The generated unlinkedCodeBlock is then populated with unlinked bytecode with the call to BytecodeGenerator::generate

error = BytecodeGenerator::generate(vm, rootNode.get(), source, unlinkedCodeBlock, codeGenerationMode, variablesUnderTDZ, ecmaMode);

The function BytecodeGenerator::generate initialises a BytecodeGenerator object with the supplied AST (i.e. the root node reference) and then beings generating bytecode for the AST:

template<typename Node, typename UnlinkedCodeBlock>
static ParserError generate(VM& vm, Node* node, const SourceCode& sourceCode, UnlinkedCodeBlock* unlinkedCodeBlock, OptionSet<CodeGenerationMode> codeGenerationMode, const VariableEnvironment* environment, ECMAMode ecmaMode)
{
    //... code truncated for brevity

    DeferGC deferGC(vm.heap);
    auto bytecodeGenerator = makeUnique<BytecodeGenerator>(vm, node, unlinkedCodeBlock, codeGenerationMode, environment, ecmaMode);
    auto result = bytecodeGenerator->generate();

    //... code truncated for brevity

    return result;
}

First a BytecodeGenerator object is initialised, by calling the BytecodeGenerator constructor. This constructor in addition to initialising several aspects of the generator also emits bytecode for the program prologue (e.g. the program entry point).

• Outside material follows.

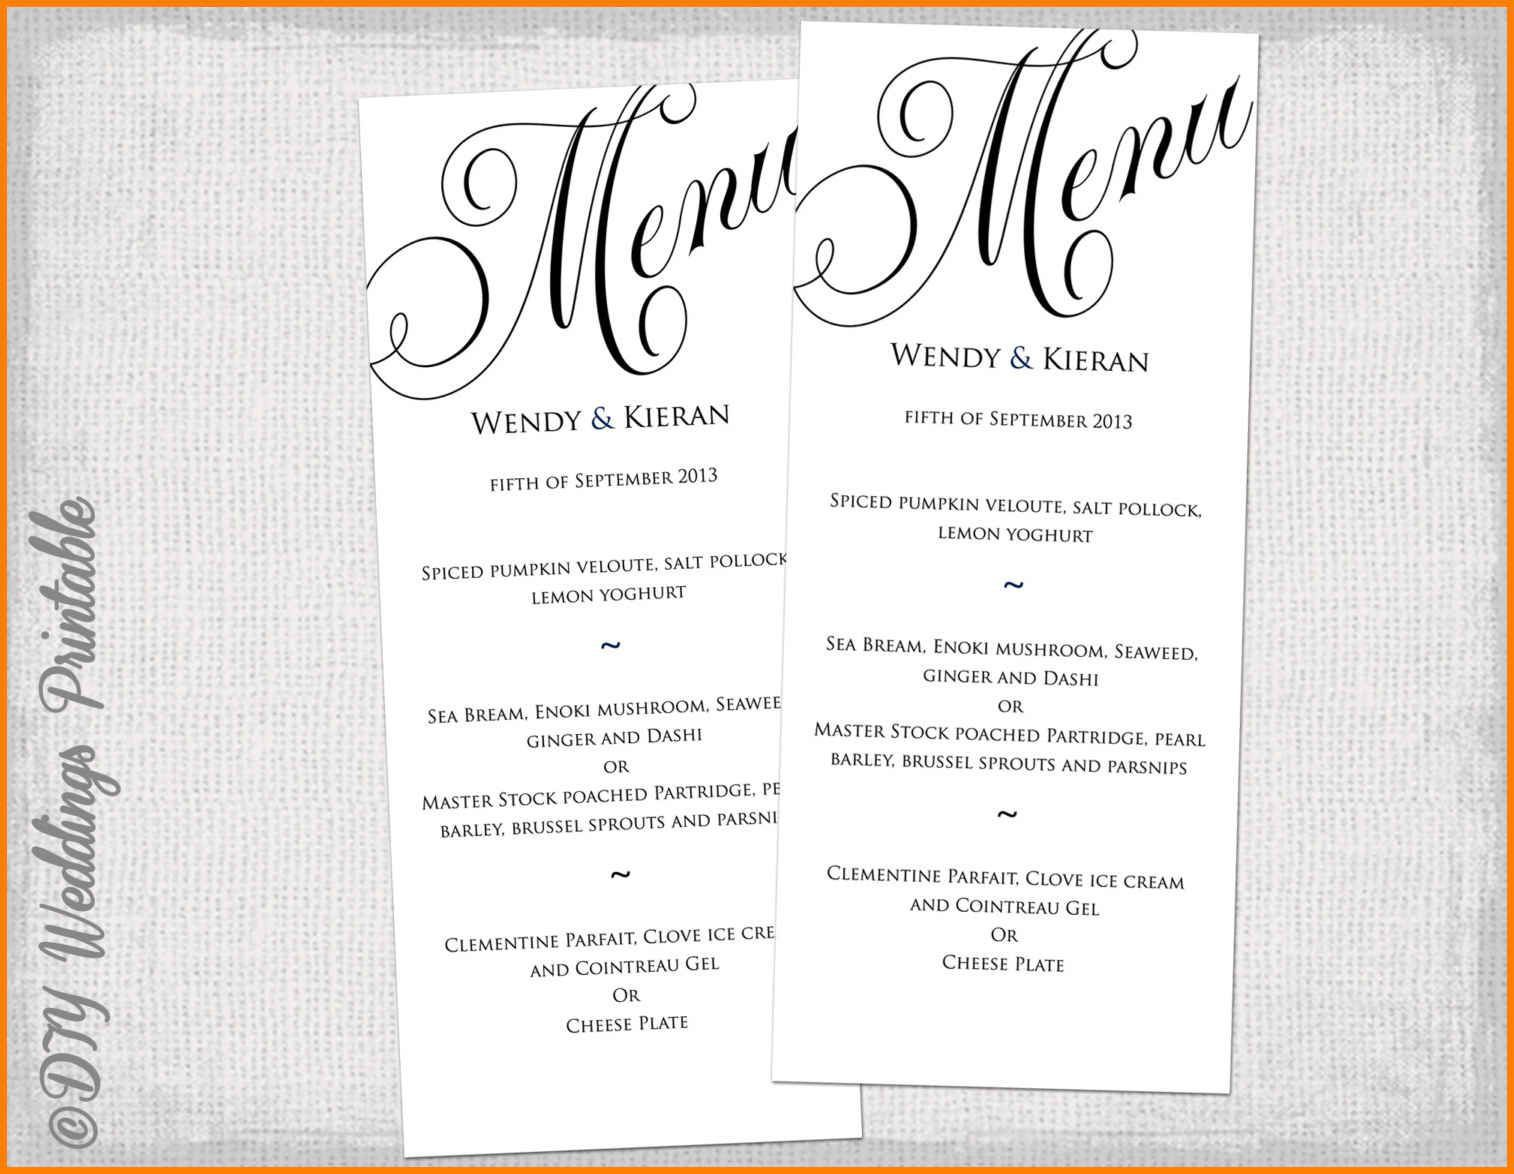 002 Wondrou Dinner Party Menu Template Picture  Word Elegant Free Google DocFull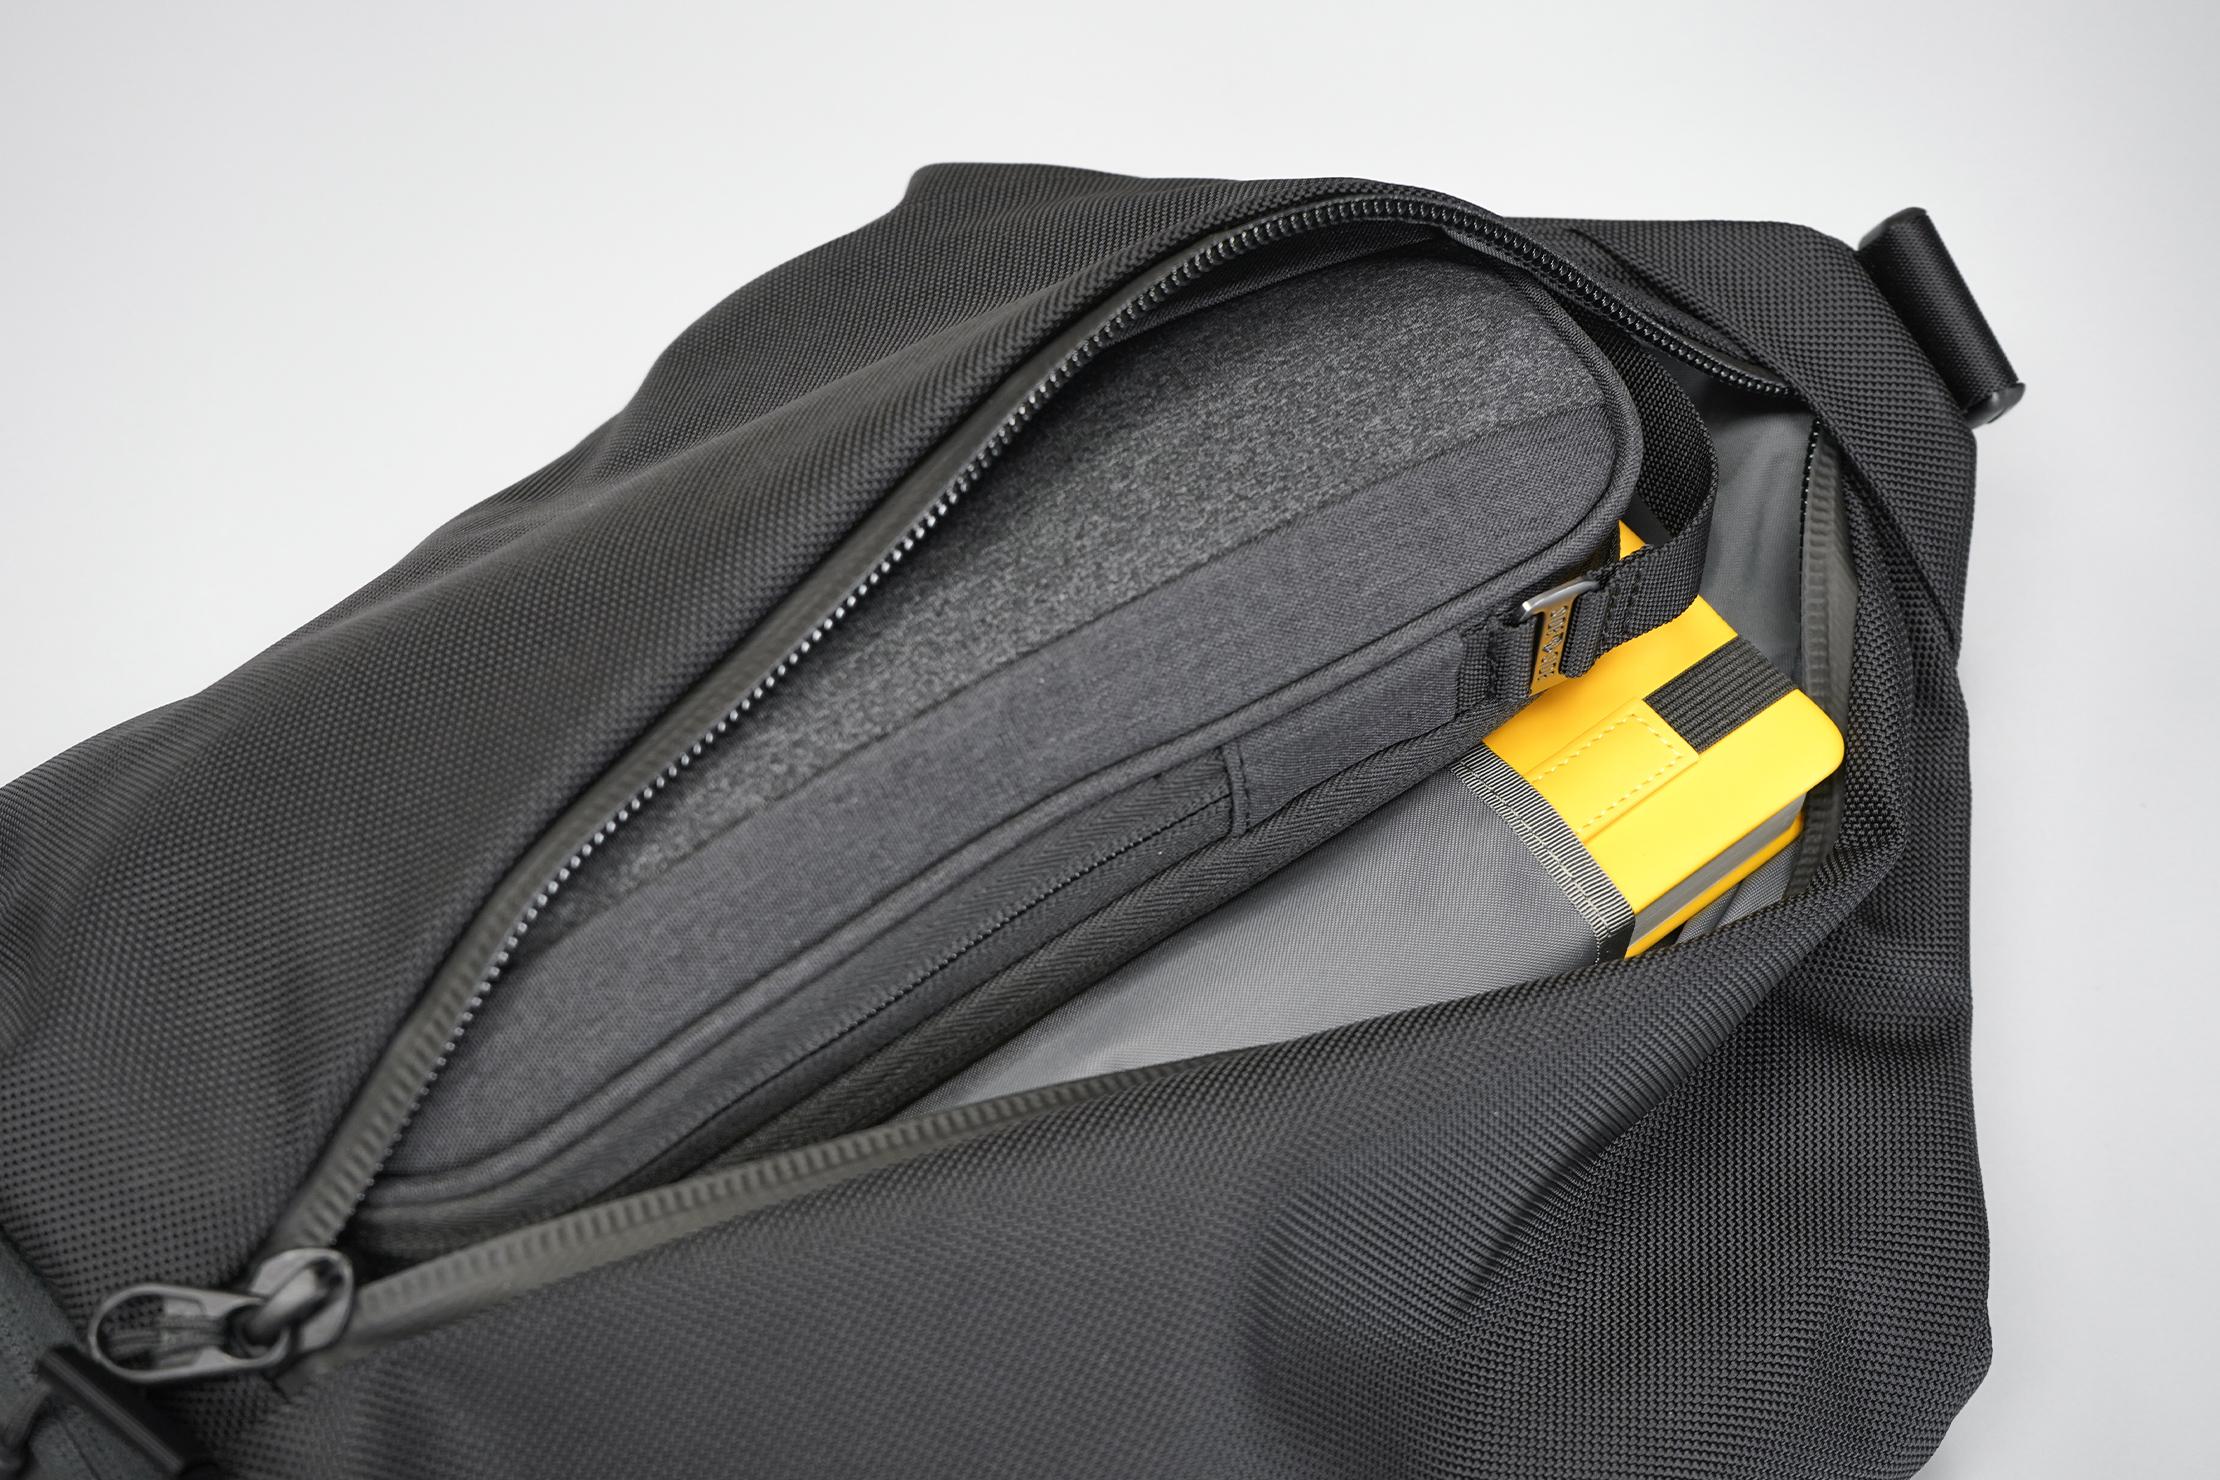 Aer Sling Bag 3 front compartment

The call to generate, initiates bytecode generation for various function initalisation constructs before emitting bytecode for the global scope.

ParserError BytecodeGenerator::generate()
{
    //... code truncated for brevity

    m_codeBlock->setThisRegister(m_thisRegister.virtualRegister());

    //... code truncated for brevity

    if (m_restParameter)
        m_restParameter->emit(*this);

    {
        RefPtr<RegisterID> temp = newTemporary();
        RefPtr<RegisterID> tolLevelScope;
        for (auto functionPair : m_functionsToInitialize) {
            FunctionMetadataNode* metadata = functionPair.first;
            FunctionVariableType functionType = functionPair.second;
            emitNewFunction(temp.get(), metadata);
            
            //... code truncated for brevity
        }
    }
    
    bool callingClassConstructor = false;
    
    //... code truncated for brevity
    
    if (!callingClassConstructor)
        m_scopeNode->emitBytecode(*this);
    else {
        emitUnreachable();
    }

    for (auto& handler : m_exceptionHandlersToEmit) {
        Ref<Label> realCatchTarget = newLabel();
        TryData* tryData = handler.tryData;

        OpCatch::emit(this, handler.exceptionRegister, handler.thrownValueRegister);
        
        //... code truncated for brevity

        m_codeBlock->addJumpTarget(m_lastInstruction.offset());

        emitJump(tryData->target.get());
        tryData->target = WTFMove(realCatchTarget);
    }

    m_staticPropertyAnalyzer.kill();

    for (auto& range : m_tryRanges) {
        int start = range.start->bind();
        int end = range.end->bind();
        
        if (end <= start)
            continue;
        
        UnlinkedHandlerInfo info(static_cast<uint32_t>(start), static_cast<uint32_t>(end),
            static_cast<uint32_t>(range.tryData->target->bind()), range.tryData->handlerType);
        m_codeBlock->addExceptionHandler(info);
    }
    
    //... code truncated for brevity

    m_codeBlock->finalize(m_writer.finalize());
    
    //... code truncated for brevity

    return ParserError(ParserError::ErrorNone);
}

The function emitBytecode, called by generate, ends up calling emitProgramNodeBytecode, which as the name suggests is responsible for generating bytecode for the program node by traversing the AST.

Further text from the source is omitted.